SECTION 7. REGISTRATION EXPENSES
(a) All expenses incident to the Company's performance of or compliance
with this Agreement will be borne by the Company, regardless of whether a
Registration Statement becomes effective, including without limitation: (i) all
registration and filing fees and expenses; (ii) all fees and expenses of
compliance by the Company with federal securities and state Blue Sky or
securities laws; (iii) all expenses of printing (including printing certificates
for the Series B Notes to be issued in the Exchange Offer and printing of
Prospectuses), messenger and delivery services and telephone; (iv) all fees and
disbursements of counsel for the Company and the counsel for the Holders of
Transfer Restricted Securities pursuant to Section 7(b); (v) all application and
filing fees in connection with listing the Series B Notes on a national
securities exchange or automated quotation system pursuant to the requirements
hereof; and (vi) all fees and disbursements of independent certified public
accountants of the Company (including the expenses of any special audit and
comfort letters required by or incident to such performance).
13
The Company will, in any event, bear its internal expenses (including,
without limitation, all salaries and expenses of its officers and employees
performing legal or accounting duties), the expenses of any annual audit and the
fees and expenses of any Person, including special experts, retained by the
Company.
(b) In connection with any Registration Statement required by this
Agreement (including, without limitation, the Exchange Offer Registration
Statement and the Shelf Registration Statement), the Company will reimburse the
Initial Purchasers and the Holders of Transfer Restricted Securities who are
tendering Series A Notes into in the Exchange Offer and/or selling or reselling
Series A Notes or Series B Notes pursuant to the "Plan of Distribution"
contained in the Exchange Offer Registration Statement or the Shelf Registration
Statement, as applicable, for the reasonable fees and disbursements of not more
than one counsel, who shall be Skadden, Arps, Slate, Xxxxxxx & Xxxx LLP, unless
another firm shall be chosen by the Holders of a majority in principal amount of
the Transfer Restricted Securities for whose benefit such Registration Statement
is being prepared.
SECTION 8. INDEMNIFICATION
(a) The Company agrees to indemnify and hold harmless each Holder, its
directors, officers and each Person, if any, who controls such Holder (within
the meaning of Section 15 of the Act or Section 20 of the Exchange Act), from
and against any and all losses, claims, damages, liabilities, judgments,
(including without limitation, any legal or other expenses incurred in
connection with investigating or defending any matter, including any action that
could give rise to any such losses, claims, damages, liabilities or judgments)
caused by any untrue statement or alleged untrue statement of a material fact
contained in any Registration Statement, preliminary prospectus or Prospectus
(or any amendment or supplement thereto) provided by the Company to any Holder
or any prospective purchaser of Series B Notes or registered Series A Notes, or
caused by any omission or alleged omission to state therein a material fact
required to be stated therein or necessary to make the statements therein not
misleading, except insofar as such losses, claims, damages, liabilities or
judgments are caused by an untrue statement or omission or alleged untrue
statement or omission that is based upon information relating to any of the
Holders furnished in writing to the Company by any of the Holders.
(b) Each Holder of Transfer Restricted Securities agrees, severally and
not jointly, to indemnify and hold harmless the Company and its respective
directors and officers, and each person. if any, who controls (within the
meaning of Section 15 of the Act or Section 20 of the Exchange Act) the Company,
to the same extent as the foregoing indemnity from the Company set forth in
section (a) above, but only with reference to information relating to such
Holder furnished in writing to the Company by such Holder expressly for use in
any Registration Statement.
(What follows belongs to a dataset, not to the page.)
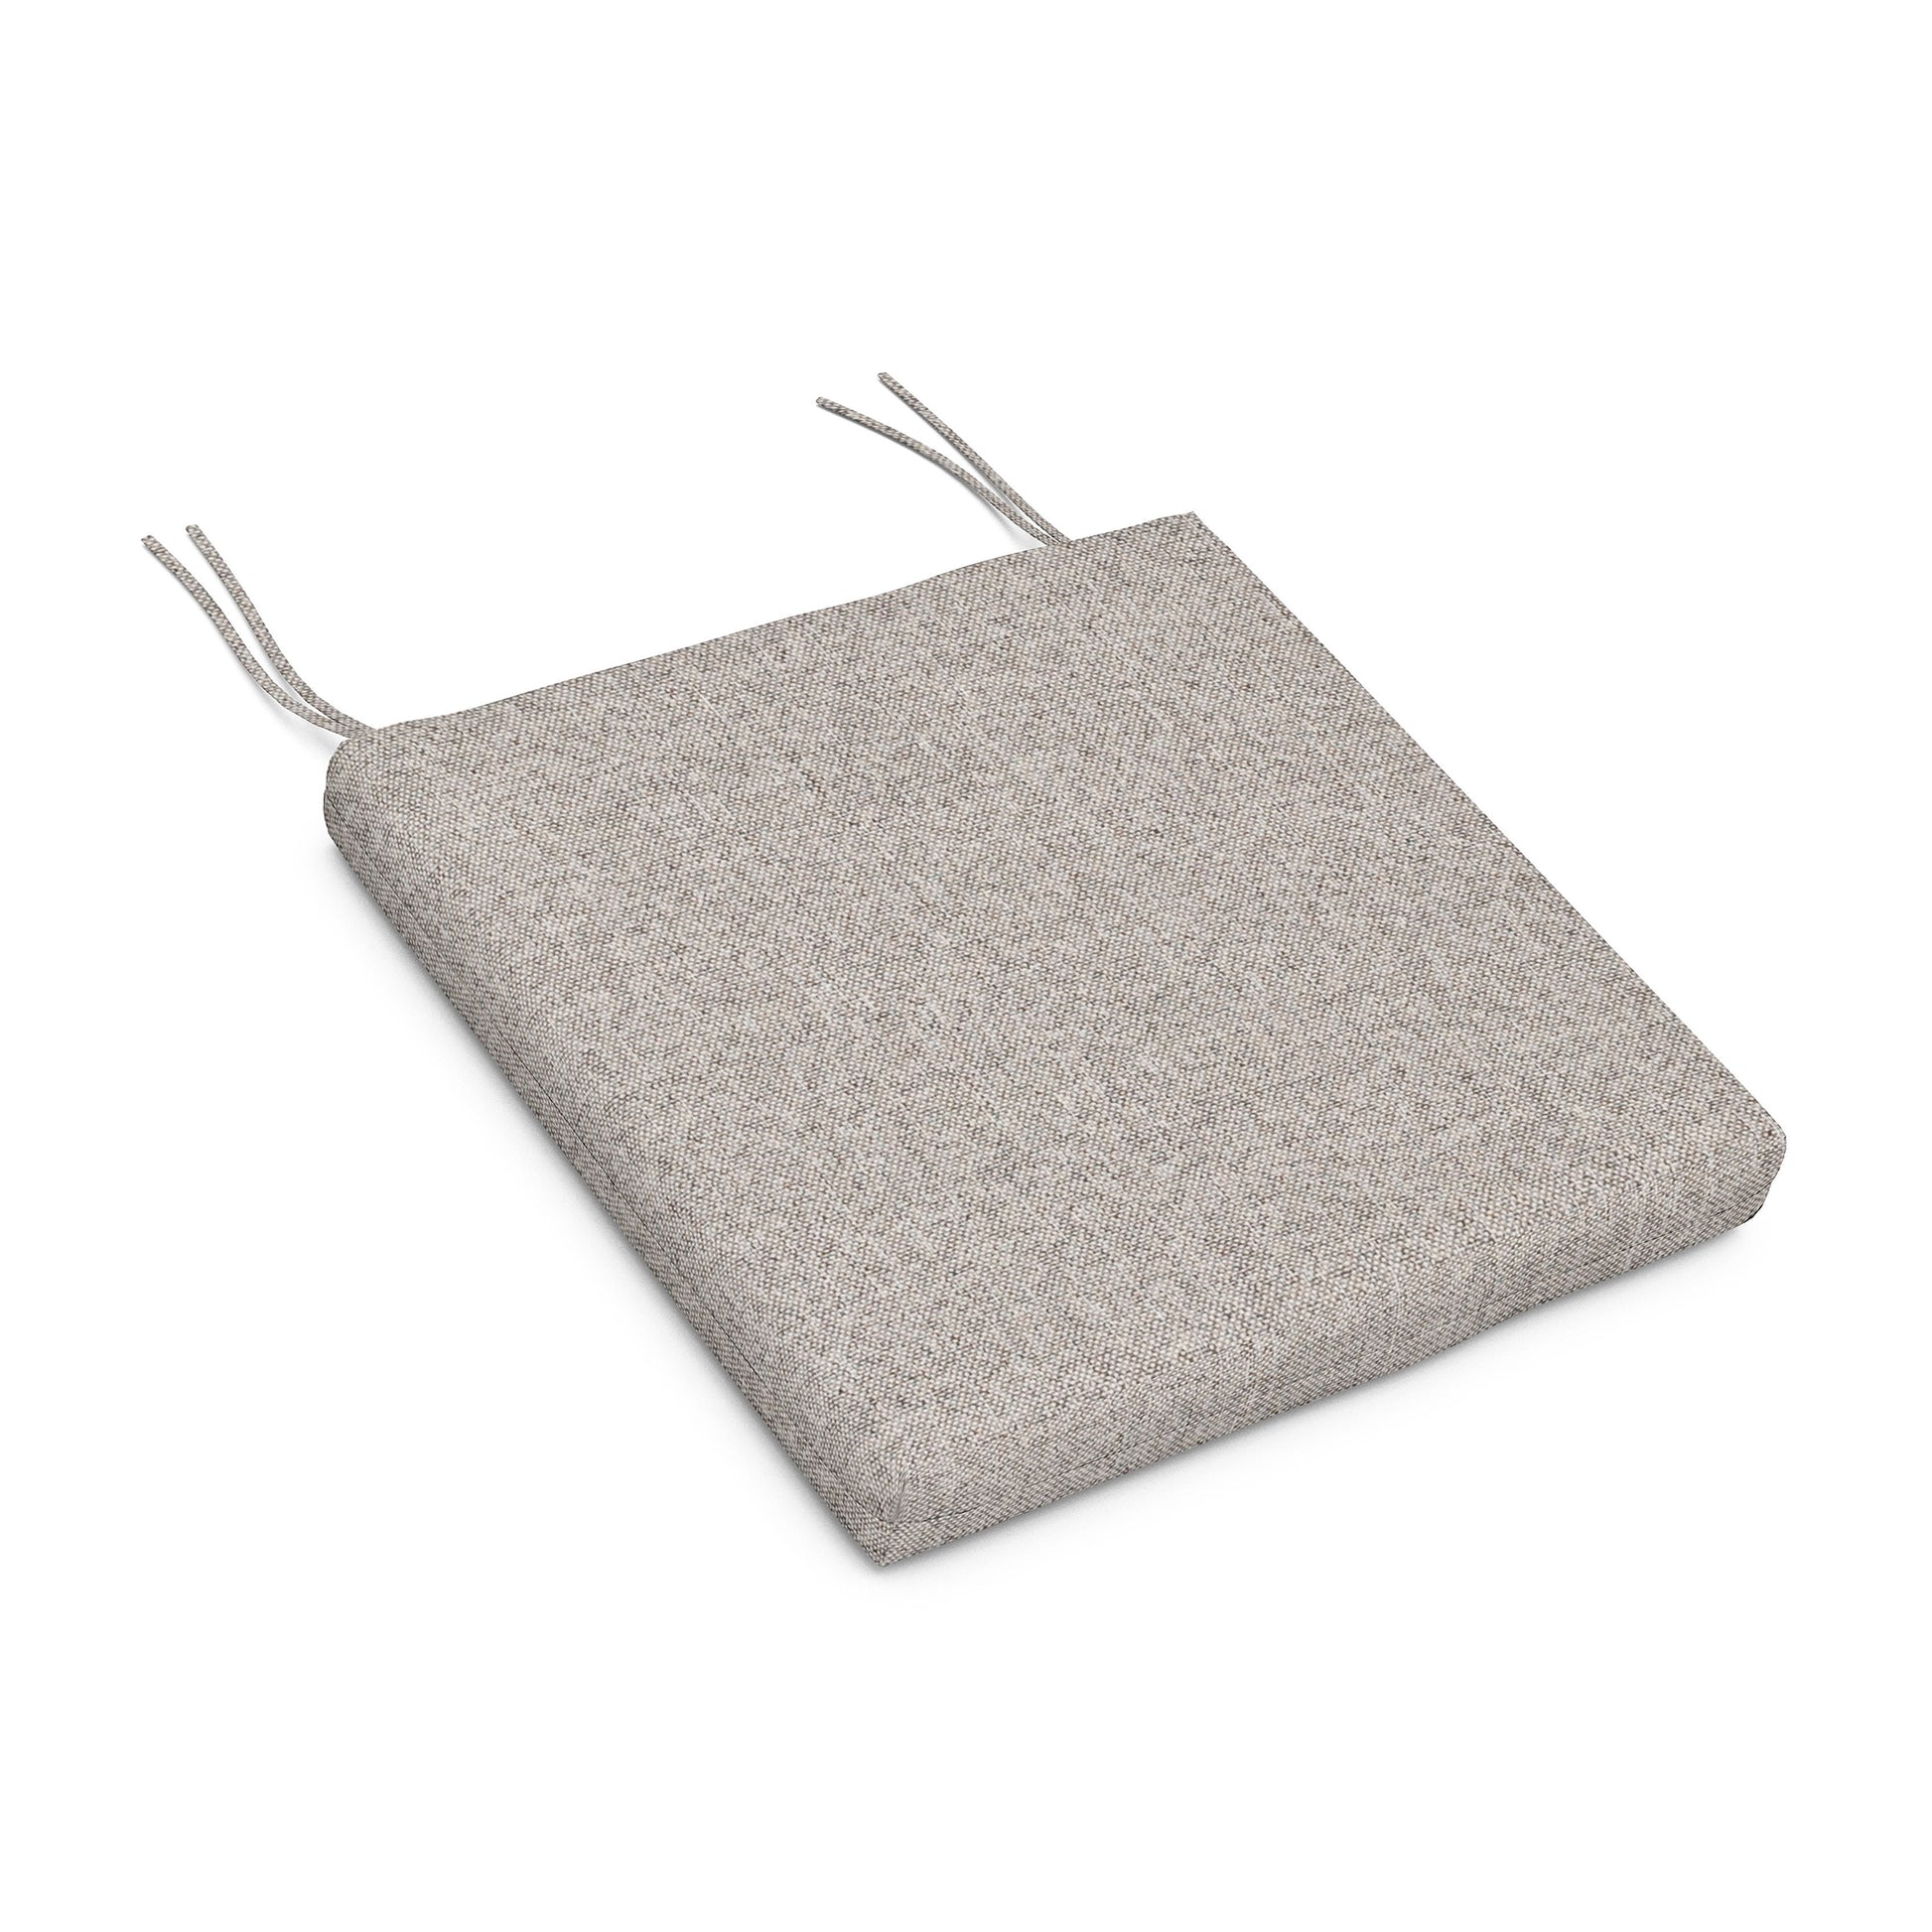 A square, gray, weather-resistant upholstery fabric cushion with two protruding strings, isolated on a white background by POLYWOOD's XPWS0007 - Seat Cushion.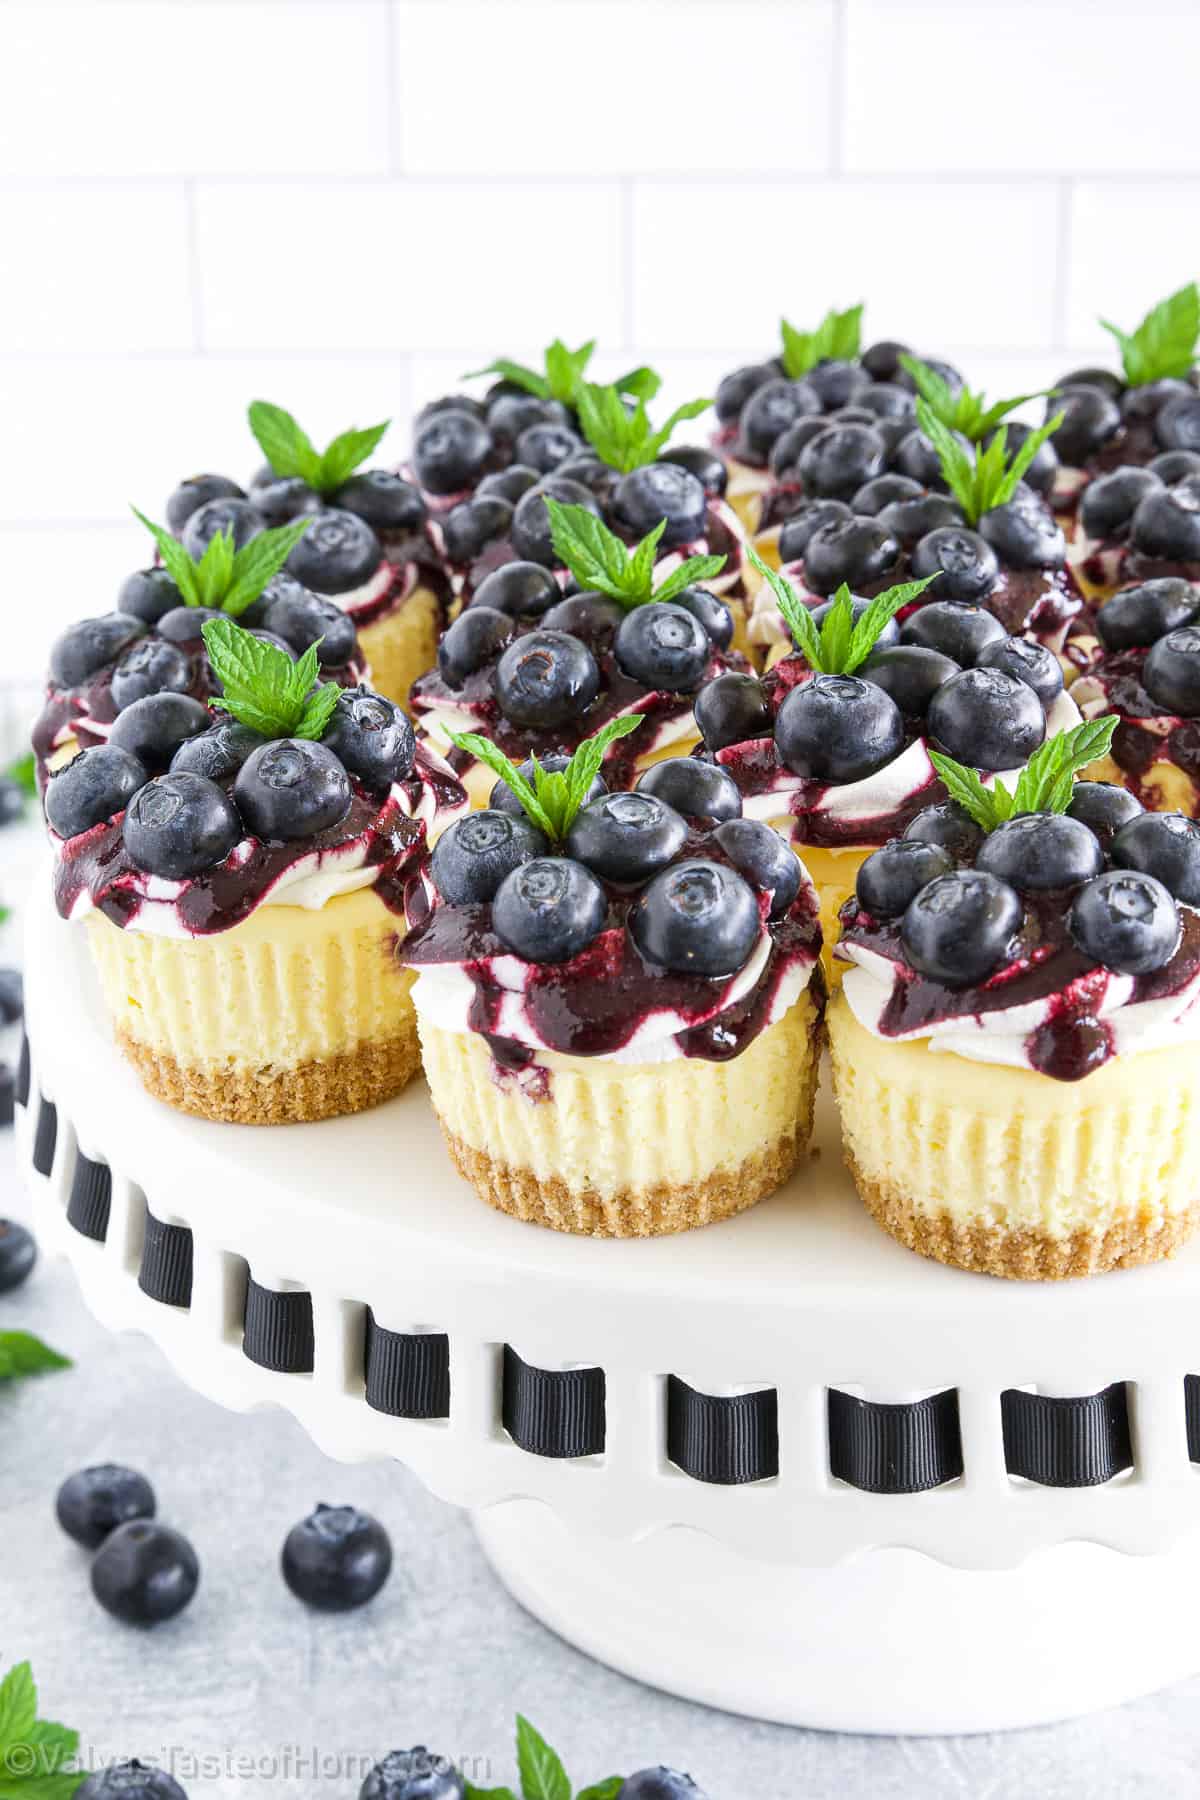 Blueberry cheesecake is a classic dessert that features a buttery graham cracker crust, rich and creamy cheesecake filling, and sweet and tangy blueberry topping.

In no event shall any Holder, its directors,
officers or any Person who controls such Holder be liable or responsible for any
amount in excess of the amount by which the total amount received by such Holder
with respect to its sale of Transfer Restricted Securities pursuant to a
Registration Statement exceeds (i) the amount paid by such Holder for such
Transfer Restricted Securities and (ii) the amount of any damages that such
Holder, its directors, officers or any Person who controls such Holder has
otherwise been required to pay by reason of such untrue or alleged untrue
statement or omission or alleged omission.
(c) In case any action shall be commenced involving any person in respect
of which indemnity may be sought pursuant to Section 8(a) or 8(b) (the
"INDEMNIFIED PARTY"), the indemnified
14
party shall promptly notify the person against whom such indemnity may be sought
(the "INDEMNIFYING PERSON") in writing and the indemnifying party shall assume
-------------------
the defense of such action, including the employment of counsel reasonably
satisfactory to the indemnified party and the payment of all fees and expenses
of such counsel, as incurred (except that in the case of any action in respect
of which indemnity may be sought pursuant to both Sections 8(a) and 8(b), a
Holder shall not be required to assume the defense of such action pursuant to
this Section 8(c), but may employ separate counsel and participate in the
defense thereof, but the fees and expenses of such counsel, except as provided
below, shall be at the expense of the Holder). Any indemnified party shall have
the right to employ separate counsel in any such action and participate in the
defense thereof, but the fees and expenses of such counsel shall be at the
expense of the indemnified party unless (i) the employment of such counsel shall
have been specifically authorized in writing by the indemnifying party, (ii) the
indemnifying party shall have failed to assume the defense of such action or
employ counsel reasonably satisfactory to the indemnified party within a
reasonable time after notice of commencement of such action or proceeding or
(iii) the named parties to any such action (including any impleaded parties)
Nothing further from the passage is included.